Орефий был рад мирскому разговору: забыли о нем. Можно снова раскрыть молитвенник, погрузиться в святую книгу, уложить в голову несколько напевных слов.
– Данила, покажи Куцейкину пластунский стиль.
– Сей момент!
Мужик растянулся по земле влежку. Касаясь подбородком истоптанной травы, пополз от палатки крокодильчиком.
Заугарова – рослого парня-васюганца – сделали командиром отделения. Впервые назначенный на должность, ходил среди подчиненных с горделивой осанкой. Среди новобранцев Орефий выделялся шкафной фигурой. Григорий был обязан обучить его пластунскому стилю. Немец такого выцелит в два счета. Староверца надо сровнять с землей, спрятать в окоп, за танк, куда угодно, лишь бы не торчала плечистая мишень, не попала сглупа на мушку. Вера верой, молитвы молитвами, но военный устав тоже вызубрить надо. Заугаров догадывался: хватит мороки со скитским отшельником. Нацелит на командира глазищи: из двустволки пальнет. Минуты три минуло, ослушник не ложится на землю, не выпускает из лап молитвенник. Староверцев по разным ротам распределили. У одного тщедушного на вид мужика бородень была черная. Висела над грудью большой чагой – березовым грибом-наростом. Скосил ее брадобрей – даже не взглянул на прощание. Один Орефий из всех скитников прикарманил куделину. Ощупывает ее часто. Вытащит втихаря, расчешет костяным гребнем, огладит и спрячет в шелковый мешочек: его подарила толстобокая молодайка на городской улице, уставленной старинными домами с резными наличниками и красивыми дымниками. Преподнесли староверцу ненужный кисет для махорки. Куцейкин помолился богу: в руки попала шелковая тара для бороды.
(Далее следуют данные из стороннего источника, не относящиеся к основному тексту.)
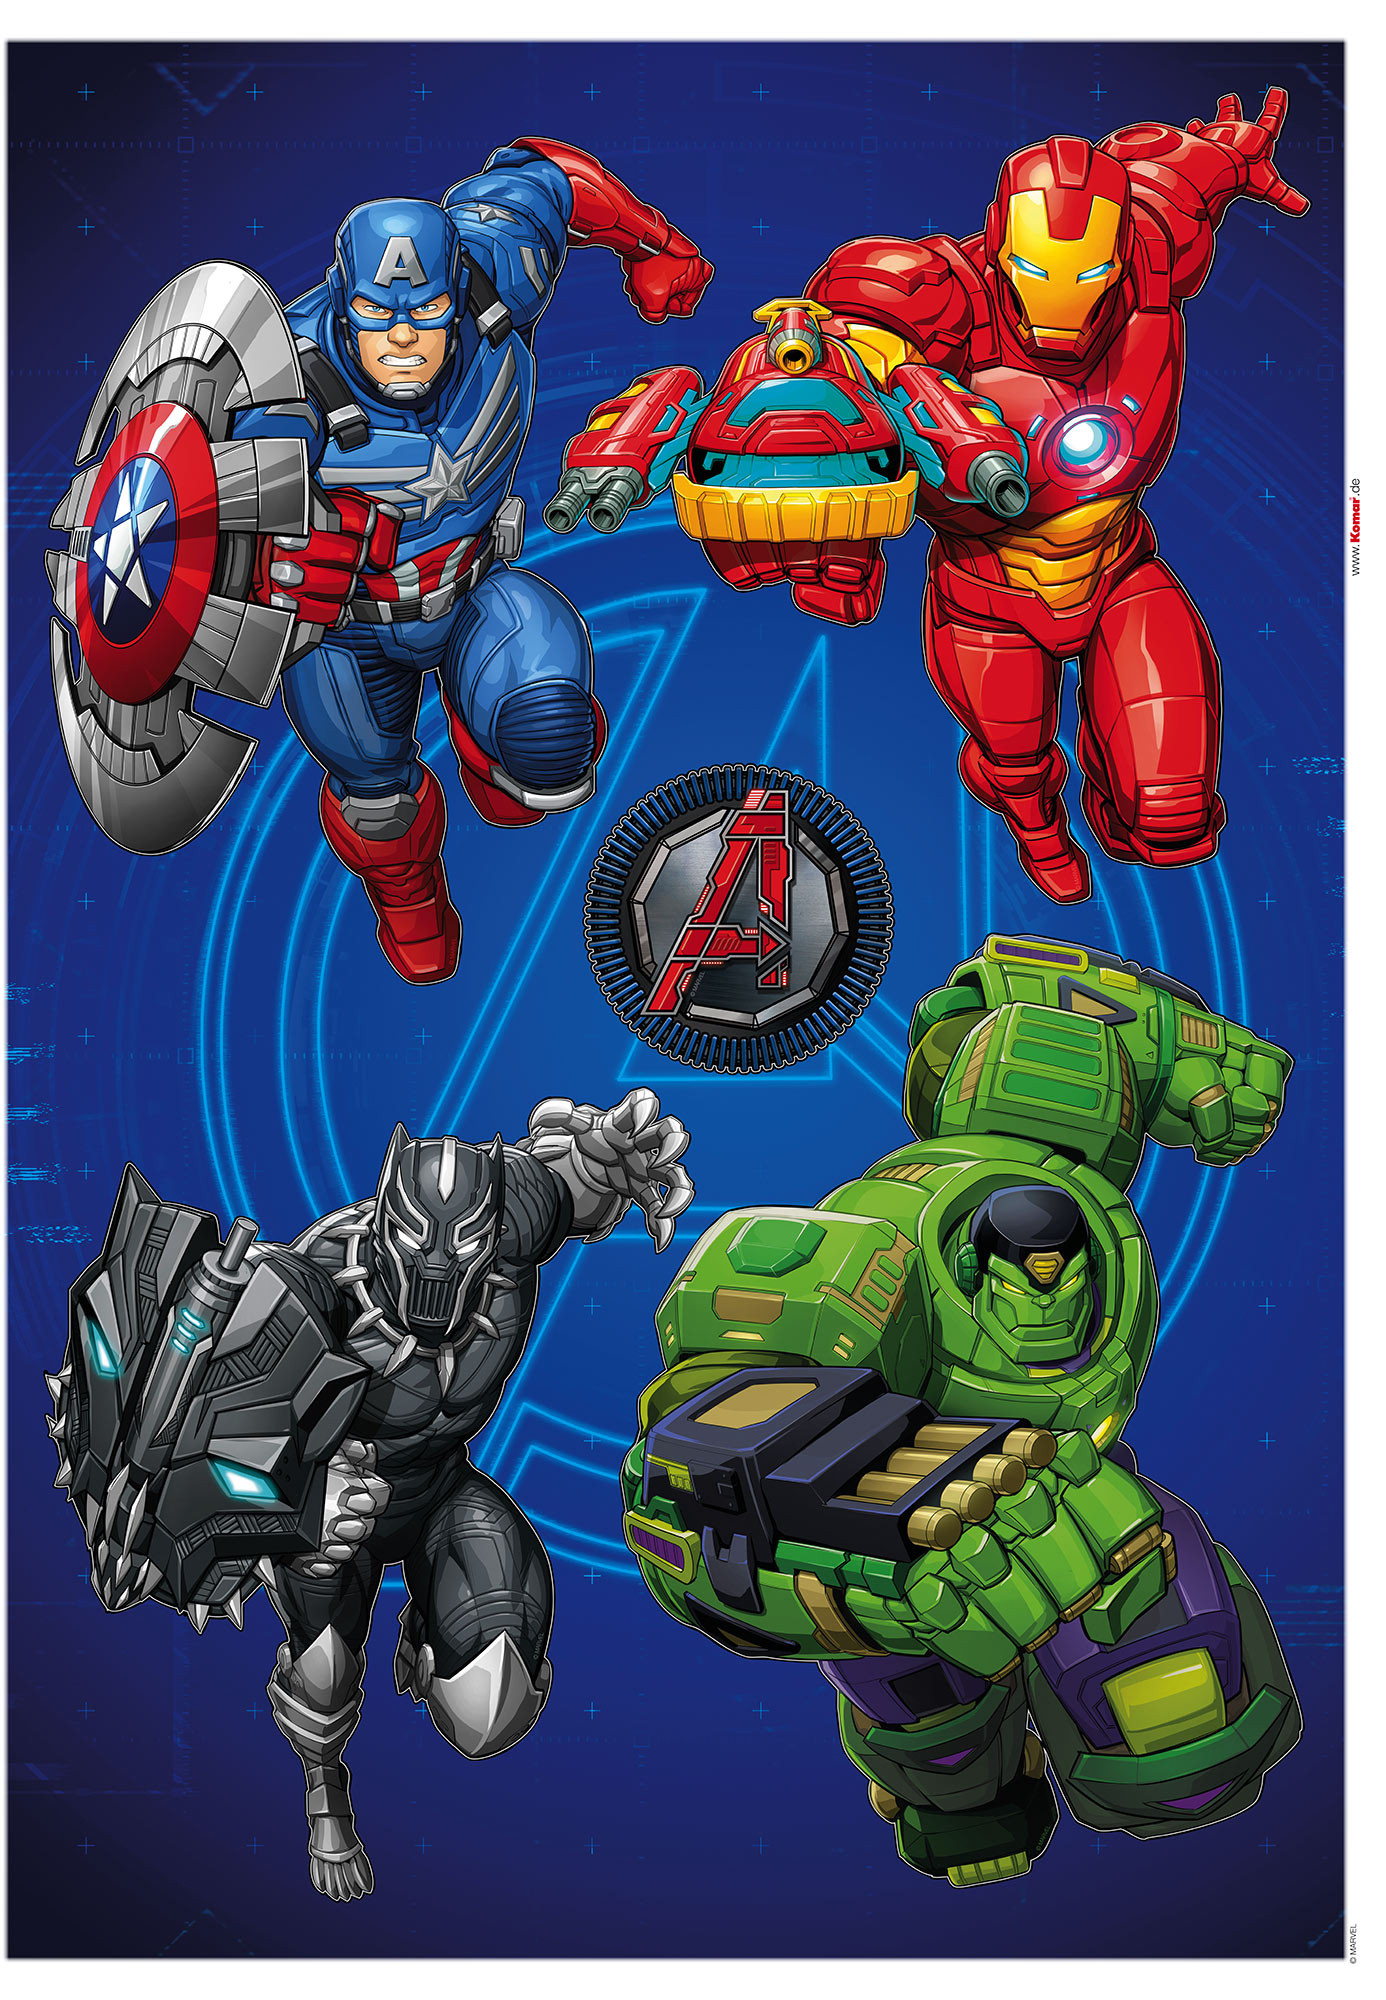 Avengers Mech Strike - Figurine Captain America ou Iron Man

Григорий не совсем вошел в командирскую должность – покрикивать не научился. Терпелив васюганец. Ждет, когда солдат сам заскребет локтями по земле, скопирует ползунское мастерство Данилы-хлебопашца, которому вынесли почти смертный приговор: отрицай рюмку. Выручил крестьянин с Томи-реки. Гаркнул на богомольца:
– Чего рот раззявил?! Я за тебя ползать должен?
Долго опускался староверец на землю. Пригнул колени, медленно оседал возле палатки, не выпуская из руки книжицу, напичканную молитвами. Казалось, что силача неохотно засасывает в себя земля. Орефий с ужасом наблюдал за своими коленями: они вот-вот унизительно коснутся травы. Не на молитву становился он. Не отбивал поясной поклон. Отдавал тело греховному словцу: ползи. Пресмыкался перед молодым, коренастым нарымцем.
Григорий вспомнил наставление ротного командира: «Бери солдат лаской. Тебе с ними в бой идти – не сенокосничать». Размышляет нарымец: «Да, смерть подкосит – не воскреснешь новой травой по весне…»
Уморительно смотреть на Орефия: стоит на четвереньках, озирается на командира. Данила по крестьянской услужливости помогает Заугарову. Считает своим долгом шумнуть на староверца:
– Падай на брюхо, дурья голова!.. Ползи, ползи… Локтями действуй. Представь гусеницу.
Гусеница извивалась почти на месте, не выпуская молитвенник из руки. Данила хотел вырвать куцейкинскую «хрестоматию». Солдат подскочил, отряхнул гимнастерку и отнес молитвенник в палатку. Вернулся, лег на то же место и к удивлению своих инструкторов прытко пополз по земной ложбинке. Обрадованный командир отделения поучал Данилу:
– Видишь – солдат к рельефу местности приспособился: низинкой ползет. Ты пластуна по бугру сделал. Учись.
– Под пулями живо ямки отыщем. В землю даже вползем.
– Страдай на учении, в бою не оплошаешь. Суворов зря говорить не будет. Ты из деревни, смекалистый. Доведется с тобой в разведку пойти, не струсишь?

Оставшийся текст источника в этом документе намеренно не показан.